Perempuan itu menambahkan, "Kadang kami bertanya, untuk siapa semua ini? Kami dengar beras dari food estate ini diekspor, dijual ke luar negeri. Tapi kami di sini justru kesulitan makan. Apa ini yang disebut kemajuan?"

Tania terdiam sejenak. Ia teringat lagi pada tulisannya: “Pembangunan bukanlah proses yang netral. Ia adalah medan pertarungan, di mana kekuasaan beroperasi dengan cara yang seringkali memperdalam ketidaksetaraan.” (Development is not a neutral process.

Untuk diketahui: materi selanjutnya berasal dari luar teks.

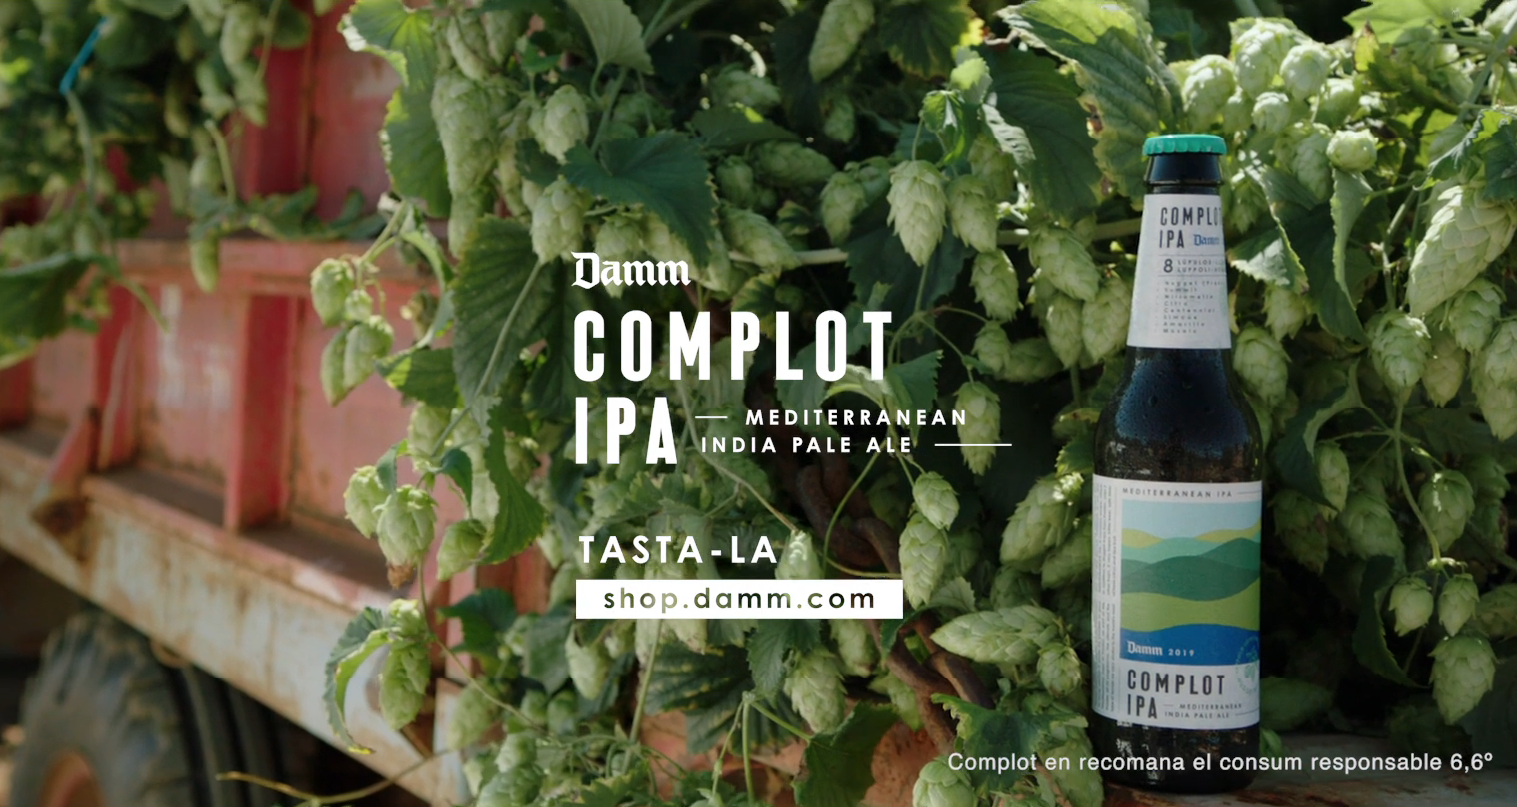 Complot Ipa – Cerveza Damm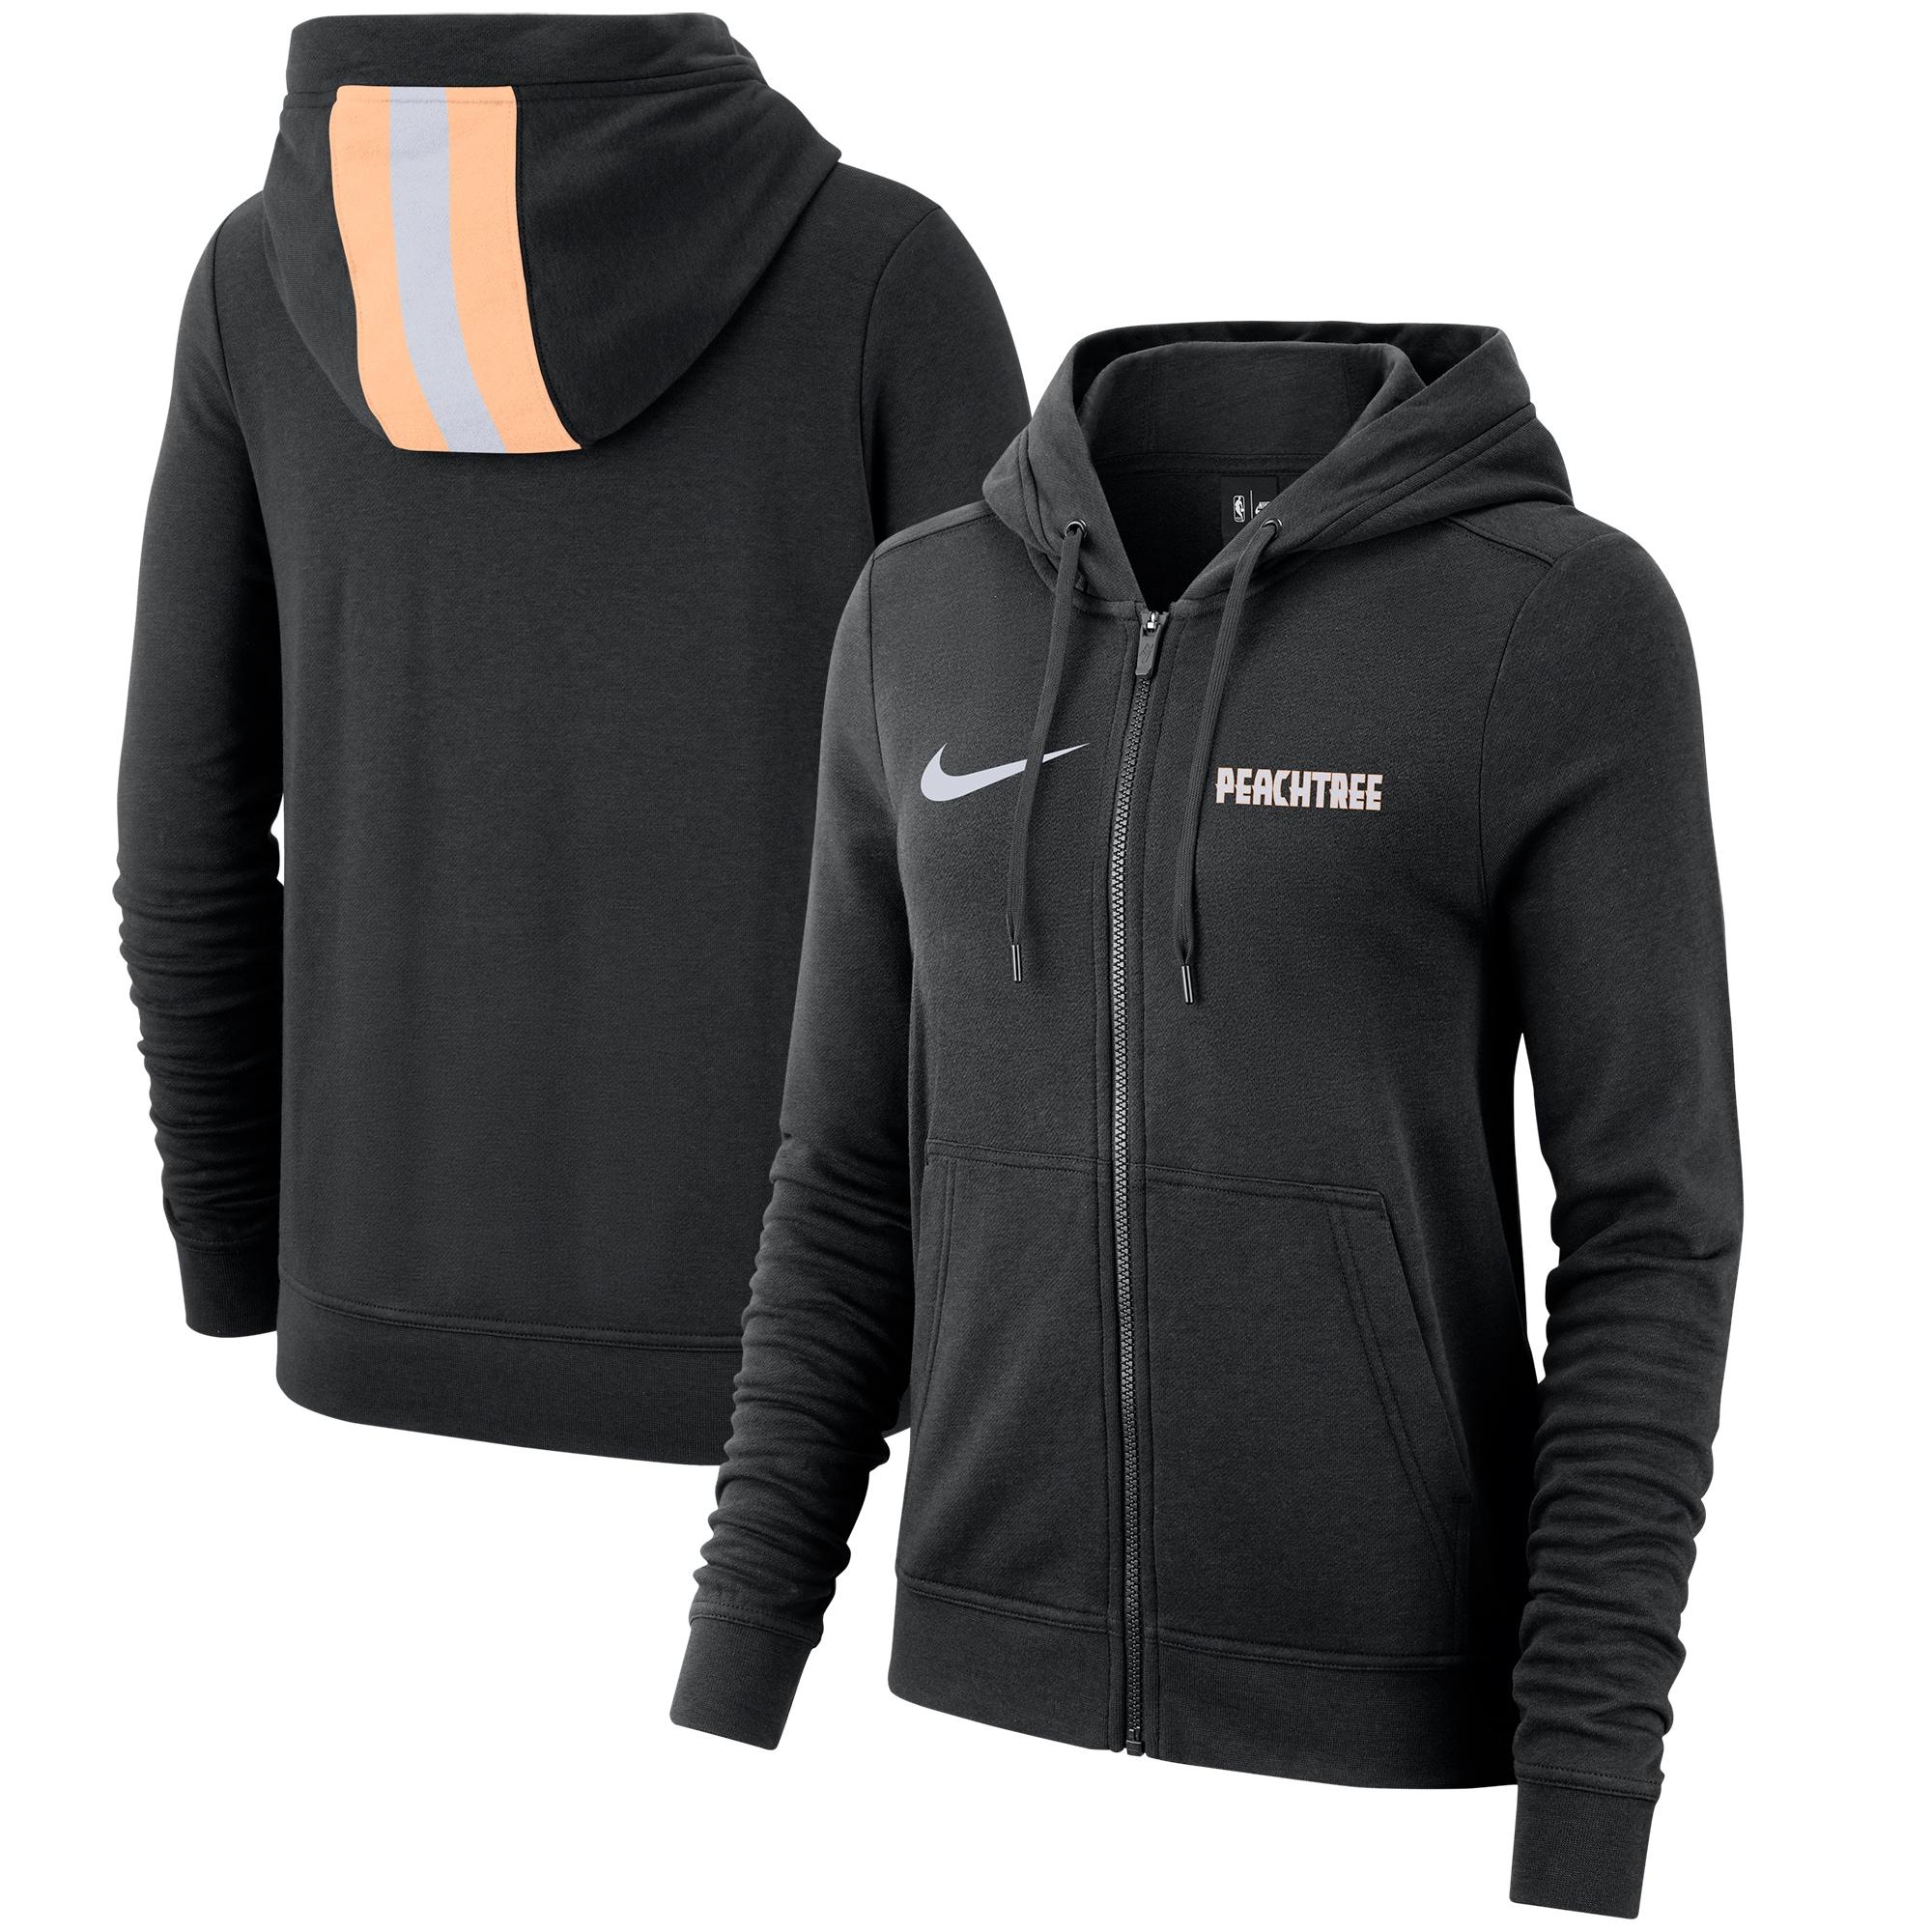 Atlanta Hawks Nike Women's 2019/20 City Edition Full-Zip Hoodie - Black

It is a terrain of struggle, where power operates in ways that often deepen inequality.) 

Di kampung ini, ia melihat dengan jelas bagaimana "pembangunan" justru memperlebar jurang antara yang kuat dan yang lemah, antara yang memiliki akses dan yang terpinggirkan.

Sebelum pergi, Tania berjanji akan membawa cerita mereka ke dunia yang lebih luas. "Suara kalian penting," katanya. "Mereka perlu tahu apa yang sebenarnya terjadi di sini." Tapi di dalam hatinya, ia tahu bahwa janji saja tidak cukup. 

Seperti yang ia tulis dalam bukunya, “Solidaritas bukan sekadar tentang mendengarkan; ia adalah tentang bertindak dengan cara yang menantang struktur kekuasaan." (Solidarity is not just about listening; it is about acting in ways that challenge the structures of power.)

Dan andai ia menoleh sekali lagi sebelum pergi, ia akan melihat lelaki tua itu masih duduk di tangga, matanya masih menatap ke arah lahan yang dulu adalah miliknya. Di langit, awan-awan masih bergantung, tak kunjung memutuskan antara cerah dan hujan. Seperti nasib mereka, yang terjebak di antara janji dan kenyataan.